The collector harvests metadata from dbt generated files.

The dbt Core collector will also identify how dbt moves data between tables (i.e., lineage). To accomplish this, the dbt collector needs to parse View SQL. Without specifying the target database information, no lineage relationships between columns specified through views can be harvested. The connection information is passed in via dbt’s profiles.yml file or can be supplied with the data.world YAML file or CLI command.

Important

If the dbt profiles.yml file is not provided, no lineage relationships between columns and views will be available and no database resources will be harvested.

Note that the collector however does not harvest everything that the target database collector would harvest. For example, Snowflake can harvest profiling, tags, and policies that the dbt Core collector will not harvest. It is recommended to run both the dbt Core collector and the target database collector to build a comprehensive data catalog.

What is cataloged

The information cataloged by the collector includes metadata for the following dbt Core resources:

Important

Starting with dbt 1.3, the raw_sql and compiled_sql properties in dbt artifacts are now renamed to raw_code and compiled_code. Depending on the version of dbt that you are using, you may see either fields for Raw SQL/Compiled SQL or Compiled Code/Raw code.

Table 1.

Object

Information cataloged

Analysis

Name, Description, Path, Root path, Package name, Unique ID, Alias, Meta, Raw SQL/Raw Code, Compiled SQL/Compiled Code, Enabled, Materialized, Resource type

Model

Name, Description, Path, Root path, Package name,Unique ID, Alias, Meta, Raw SQL/Raw Code, Compiled SQL/Compiled Code, Enabled, Materialized, Resource type, Model Columns

Model column

Column name

Project

Name, Project version

Snapshot

Name, Description, Path, Root path, Package name, Unique ID, Alias, Meta, Raw SQL/Raw Code, Compiled SQL/Compiled Code, Enabled, Materialized, Resource type

Seed

Name, Description, Path, Root path, Package name, Unique ID, Alias, Meta, Raw SQL/Raw Code, Compiled SQL/Compiled Code, Enabled, Materialized, Resource type

Source

Name, Description, Path, Root path, Package name, Unique ID, Alias, Meta, Raw SQL/Raw Code, Compiled SQL/Compiled Code, Enabled, Source name, Resource type, Columns

Test

Name, Description, Path, Root path, Package name, Unique ID, Alias, Meta, Raw SQL/Raw Code, Compiled SQL/Compiled Code, Enabled, Materialized, Resource type

Test result

Time the test was executed, Status, Count of failures (if any), Message emitted by the test (if any)

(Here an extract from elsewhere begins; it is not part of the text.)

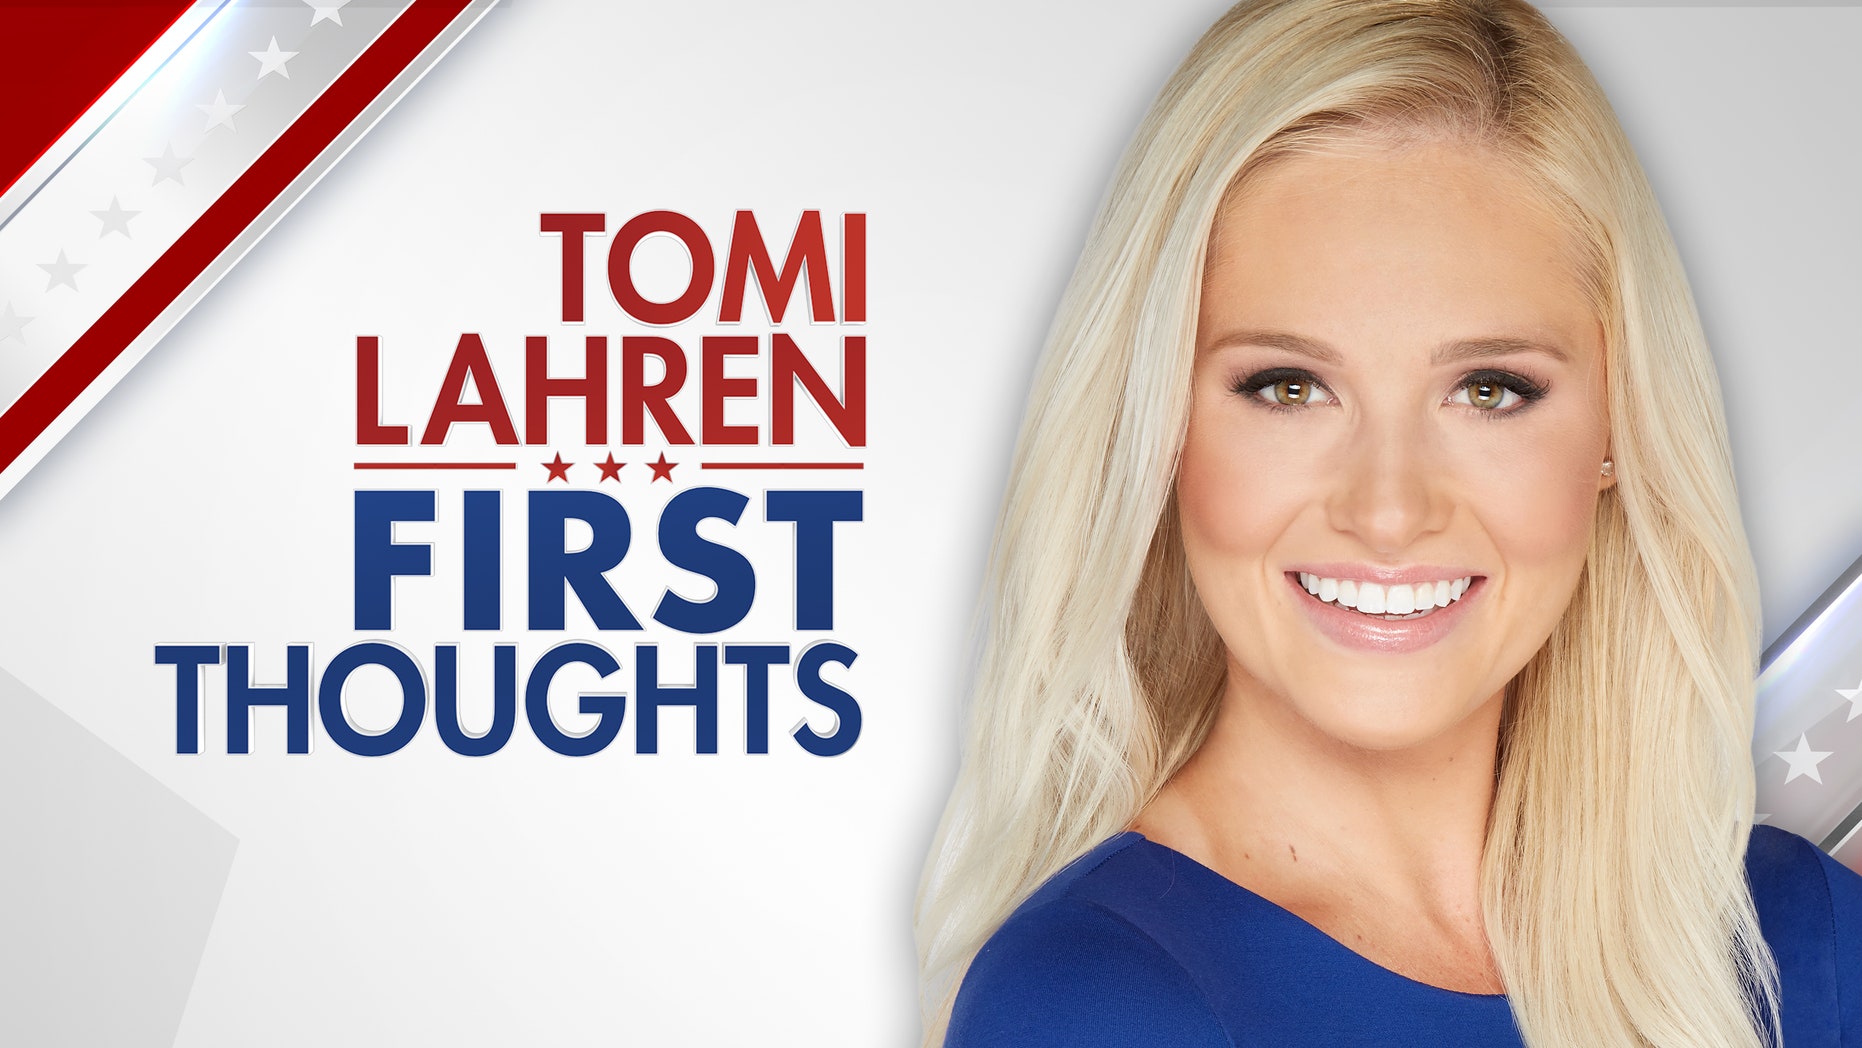 Tomi Lahren: Government shutdown has Dems whining and complaining but in private they

Relationships between objects

By default, the harvested metadata includes catalog pages for the following resource types. Each catalog page has a relationship to the other related resource types. If the metadata presentation for this data source has been customized with the help of the data.world Solutions team, you may see other resource pages and relationships.

Table 2.

Resource page

Relationship

Model

  • Project containing dbt model

  • Tests testing the integrity of model, dbt resources (test, seed, model, snapshot, source) that are upstream of model

  • dbt resources (test, seed, model, snapshot, source) that are downstream of model

Model column

  • The database column in the manifested table or view

Project

  • Dbt resources (test, seed, model, snapshot, source) contained within project

Snapshot

  • Project containing dbt project

  • dbt resources (test, seed, model, source) that are upstream of snapshot

  • dbt resources (test, seed, model, source) that are downstream of snapshot

Seed

  • Project containing dbt project

  • dbt resources (test, seed, model, snapshot, source) that are upstream of seed

  • dbt resources (test, seed, model, snapshot, source) that are downstream of seed

Source

  • Project containing dbt project

  • dbt resources (test, seed, model, snapshot) that are downstream of seed

  • database table that is the source of data for source

Test

  • Project containing dbt project

  • dbt model that has its integrity tested by this test

Test result

  • The dbt test that was executed to produce the result



Lineage for dbt Core

Table 3.

Object

Lineage available

dbt model materialized as view

Referenced database tables and columns in dbt model materialized as view.

dbt resource

dbt resources that are upstream and downstream (for example, seeds that are upstream of models, and tests that are downstream of models) of dbt resource.



The collector also harvests column-level lineage for the following databases in the dbt collector:

  • BigQuery

  • PostgreSQL

  • Redshift

  • Snowflake

Important

For Eureka Explorer, these harvested lineage relationships display from the page of the upstream or downstream resource from dbt. For example, you can see and access Eureka Explorer from a downstream Snowflake table resource page to see what upstream Snowflake table was transformed as a result of a view associated with a dbt model. The dbt resource will also appear in Eureka Explorer.

Supported versions of dbt Core

The collector supports the following dbt Core versions:

  • dbt 1.0.0

  • dbt 1.0.5

  • dbt 1.1.1

  • dbt 1.3.0

  • dbt 1.5.0

  • dbt 1.6.0

  • dbt 1.7.0

Authentication supported

The collector supports the following authentication methods to the target databases:

  • Username and password authentication

When authenticating to Snowflake, the collector also supports:

  • Username and key pair authentication.